FRAGILE DEMOCRATIC TRANSITIONS
The September 11 attacks eclipsed many of the human rights issues that had dominated the first nine months of the year. These included the fragility of democratic transitions in the region and the dilemmas posed by partial democratization in the absence of strong political institutions--or in the presence of strong militaries.
Fair elections produced disastrous leaders in Southeast Asia: Joseph Estrada, a corrupt ex-movie star, ousted from the Philippines presidency in January by Gloria Macapagal Arroyo, and Abdurrahman Wahid, a nearly blind cleric, ousted from the Indonesian presidency in July. Estrada remained highly popular among the country's poor, and his ouster after military-backed protests from the elite and middle class in Manila was semi-legal at best. The question arose, which was the greater danger to Philippine democracy, a shady president with underworld connections who systematically looted the national treasury but who was nevertheless the choice of the people, or his less than constitutional ouster? The crisis showed Philippine political leaders and institutions at their worst: a malleable parliament, a weak judiciary, and new president whose first instinct in May, in the face of protests from pro-Estrada forces, was to declare a state of rebellion to arrest political opponents.
In Thailand the dilemma was similar but less stark. In January, the Thai Rak Thai party, led by Thaksin Shinawatra, won a majority of parliamentary seats in the January 6 national election, making Thaksin prime minister. But ten days before the vote, Thaksin, a telecommunications tycoon, was indicted by the National Counter-Corruption Committee (NCCC) on charges of failing to fully declare his financial assets as required by law when he held a previous government post. If the Constitutional Court upheld the indictment, banning Thaksin from public office for five years, the Thai political system could have been thrown into serious crisis. If it did not, despite apparently strong evidence of unrevealed wealth, the independence of the court and Thailand's battle against high-level graft and corruption would be undermined. Which was worse? The court voted eight to seven not to uphold the indictment, to the disappointment of political reformers and yet to the relief of many who feared that democracy would be poorly served by a prolonged period of uncertainty and instability.
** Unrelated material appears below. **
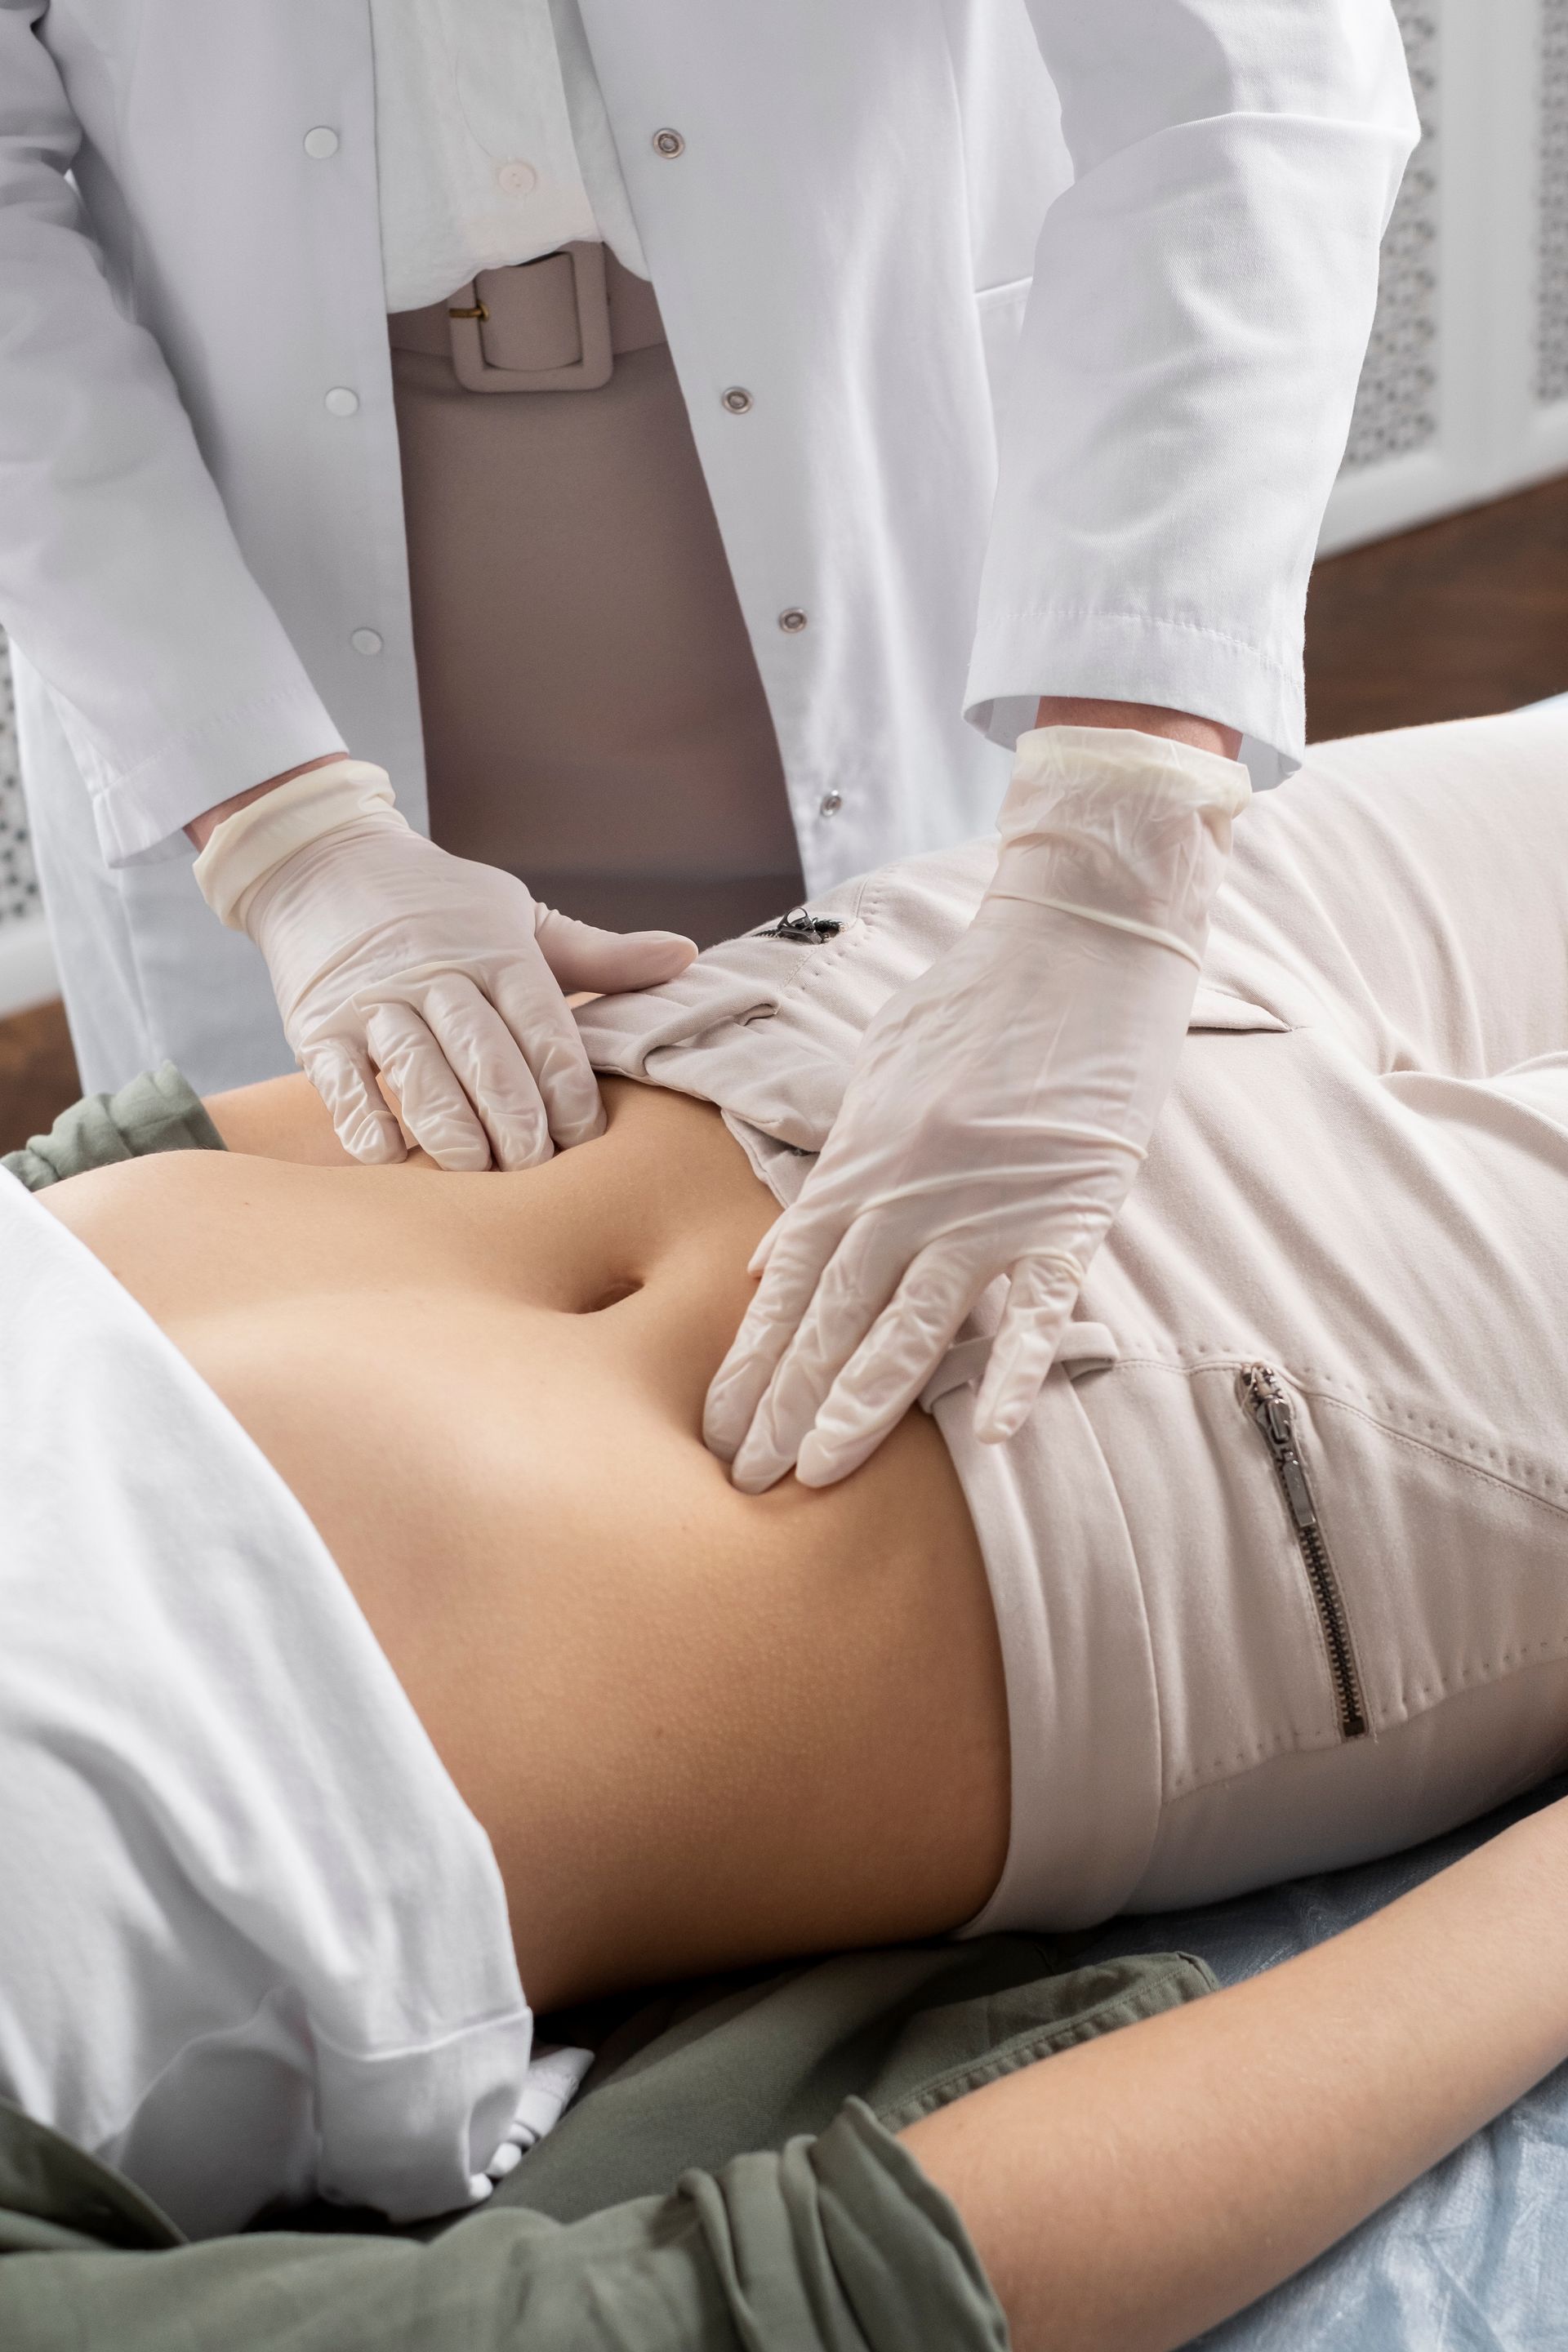 A woman is laying on a bed while a doctor examines her stomach.

President Abdurrahman Wahid, Indonesia's great hope for furthering democratization, proved to be entirely unsuited for the job. He listened to no one, ignored major crises, and in the end, tried unsuccessfully to use the military against the parliament that was trying to impeach him on corruption grounds. But the alternative was either a return to former President Soeharto's party, Golkar, or support for Vice-President Megawati Sukarnoputri, whose party had the most seats in the Indonesian parliament and who had extensive army backing. On human rights issues, the choice came down to one of incompetence versus lack of political will. Which was worse, a president who could not make the justice system work or one who would not even try? Much of the human rights and reformist community preferred the former, but when that same inability and inattention to political and economic problems began to lead to a nostalgia in some circles for authoritarianism, Indonesia's democratic experiment was in trouble.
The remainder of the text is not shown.